I stop short of calling it “love” because love implies a two-way thing. Perhaps the words infatuation or limerance would be more appropriate. That said, I am grateful for it because there was a time in my life (not too long ago) when I didn’t think I was able to have those feelings at all. It’s this ability to love that is part of what makes us human, it’s a great thing to experience.

It’s this knowledge that keeps me happy: these heart-rending, jaw-dropping, butterflies-inducing feelings let me know that love is possible, and possibly just around the corner.

The title of this post is taken from a Beatles Song, one of the first pop songs to seriously deal with the issue of loneliness.
Here, Dad, I’m referring, specifically to “Eros”, while not excluding the other three Greek words for love referred to by CS Lewis.
 

12 Responses to “Eleanor Rigby”

  1. Kelley Smoot Garrett Says:

    A note from your Texas “Jewish mother” of sorts: If you’ve been on antibiotics, male sure you take probiotic capsules & eat plenty of live culture yogurt. This will help replace the good bugs in your digestive tract that are also killed-off when taking anto-biotics. In turn these probiotics will greatly strengthen your immune system and you’ll feel better faster. Take care & hope to see you when I return to Auckland in July - Danny & I owe you a good meal! You are much loved by your many friends although I know you seek a different kind of love now. I remember those mid-20s yearnings, too. Kelley

  2. Stephen Says:

    Thanks, Kelley. I always thought it strange, but every time I get sick, I have a hankering for yoghurt, so at this very moment, I have quite a stockpile :)

    Yes, philia (friendship love) versus eros (romantic love), as my father would say. Everything has its season… that is another Beatles song ;)

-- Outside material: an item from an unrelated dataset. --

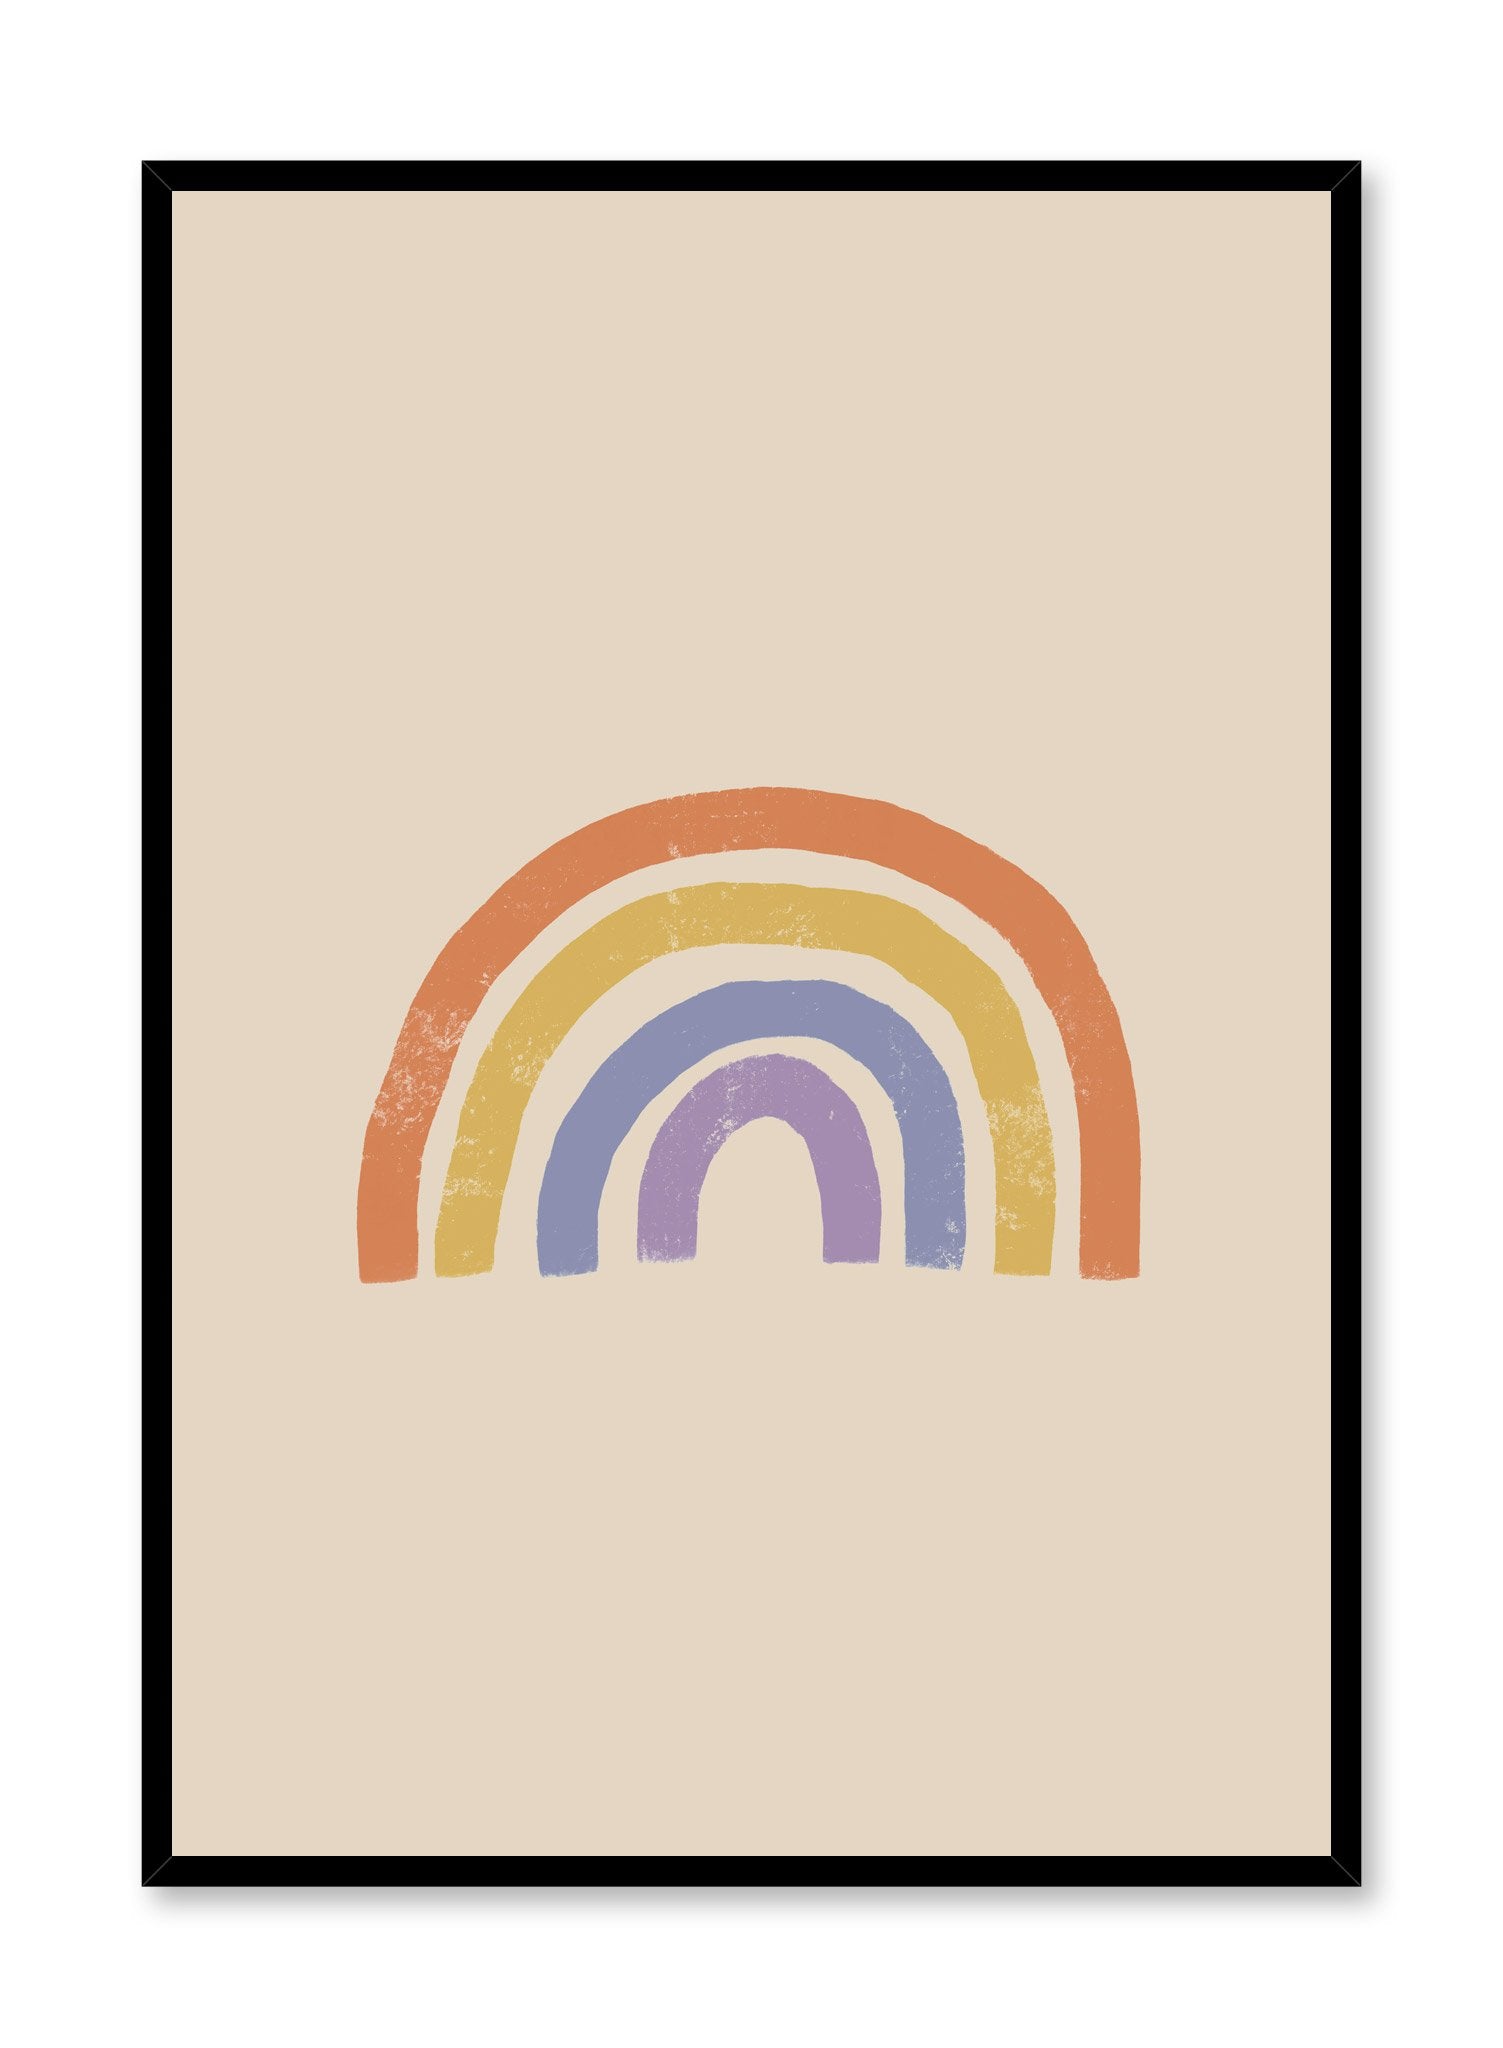 Modern minimalist poster by Opposite Wall with abstract design of Rainbow

  3. Daniel Richards Says:

    Eris: “Bitch, slow down!”

  4. Stephen Says:

    Your attempt at humour duly noted =p

  5. Daniel Richards Says:

    :P

    Oh, I also know the feeling of having independance, but wanting someone to share it with, if only occasionally..

  6. Susan Simpkin Says:

    Hi Steve,

    Hope you are feeling better by now.

    It is good you are able to get out heaps when you are well. Most would find it envious that you can eat out every night and still keep a good weight! What sort of restaurants do you go to?

    By the way, probiotic capsules are far more effective than youghurt - you have to eat tonnes of the stuff to get the same number of bacteria.

  7. Peter Henning Says:

    Yo Steve!!

    I had the same day today… I think lol

    I recommend Kentunky bourbon and coke + Forbidden Kindom (2008)… and maybe a night time moonlit swim :-)

    Go well
    Peter

  8. Peter Henning Says:

    I am not a Robot LOL - classic

  9. Stephen Says:

    It’s great to hear from you, Pete :)

  10. Chris Martin Says:

    Your noggin is overdosing on dopamine–that’s the hormone that gives you those euphoric feelings of being in love, lust and helpless desire. Once you are in a relationship, dopamine is gradually replaced with oxytocin and vasopressin, which help to form a bond between two people, it’s the warm fuzzies you get from hugging and snuggling with someone you love. There, I just reduced the ephemeral concept of “love” into a simple state-based chemical reaction for your programming brain to digest :) What I’m saying is… you need lovin’ (that’s a Small Faces song :P ).

  11. Stephen Says:

    Mmm, chemicals :)

  12. Stephen Says:

    Well, I often have burger fuel, which is reasonably tasty and not too bad for me. I also like to go to Italian, Japanese, Thai, Middle-Eastern & Chinese restaurants.